START GIVEN DATA
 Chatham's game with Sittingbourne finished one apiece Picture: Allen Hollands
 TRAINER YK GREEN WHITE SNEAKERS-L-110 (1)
END GIVEN DATA
START GIVEN DATA
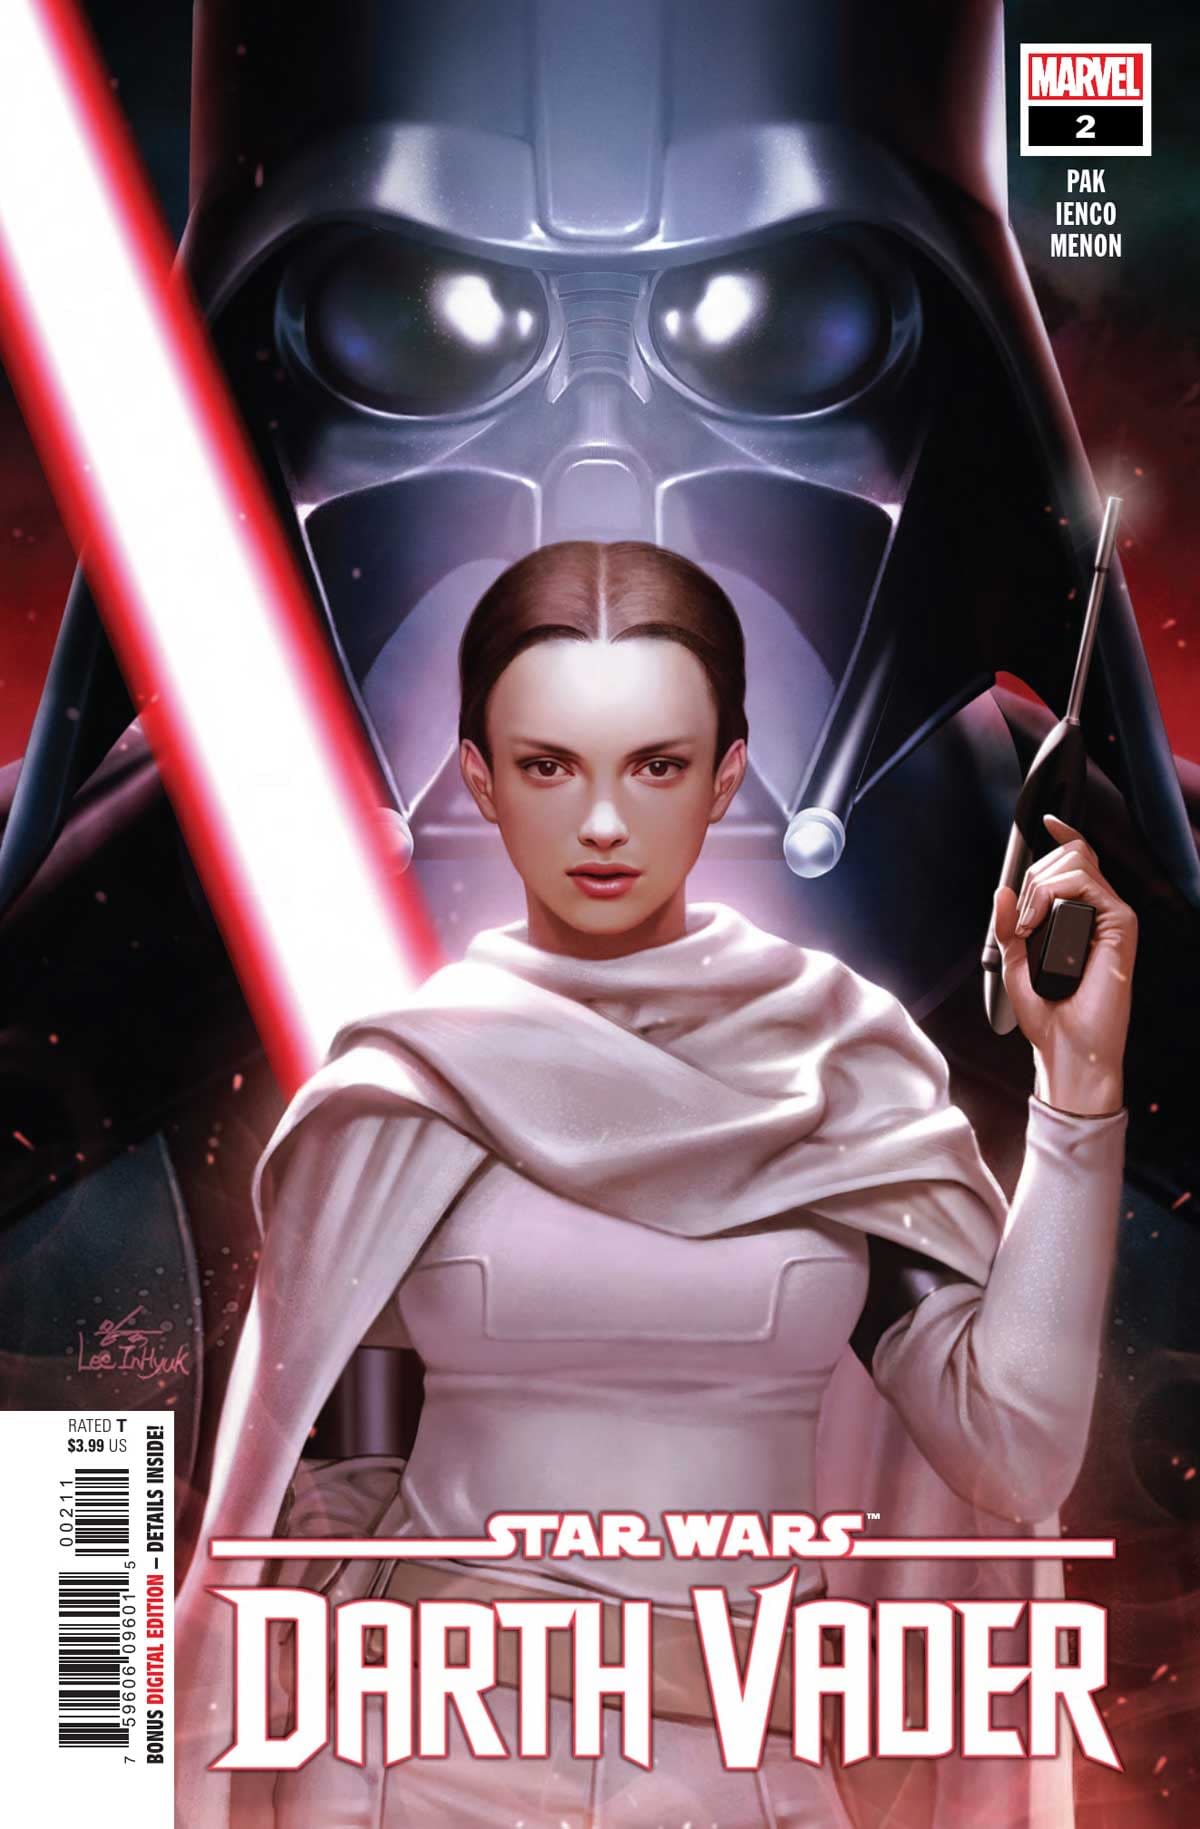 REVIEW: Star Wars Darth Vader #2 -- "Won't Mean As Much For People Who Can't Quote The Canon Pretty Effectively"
END GIVEN DATA
START GIVEN DATA
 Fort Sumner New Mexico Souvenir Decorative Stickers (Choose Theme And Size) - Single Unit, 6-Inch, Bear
END GIVEN DATA
§ WHAT THE TASK REQUIRES
Among the records above, only the lines between the line holding "Chatham's game with" and the line holding "TRAINER YK GREEN WHITE SNEAKERS-L-110 (1)", inclusive, are to be output, exactly as written.

§ RESPONSE AREA
 Chatham's game with Sittingbourne finished one apiece Picture: Allen Hollands
 TRAINER YK GREEN WHITE SNEAKERS-L-110 (1)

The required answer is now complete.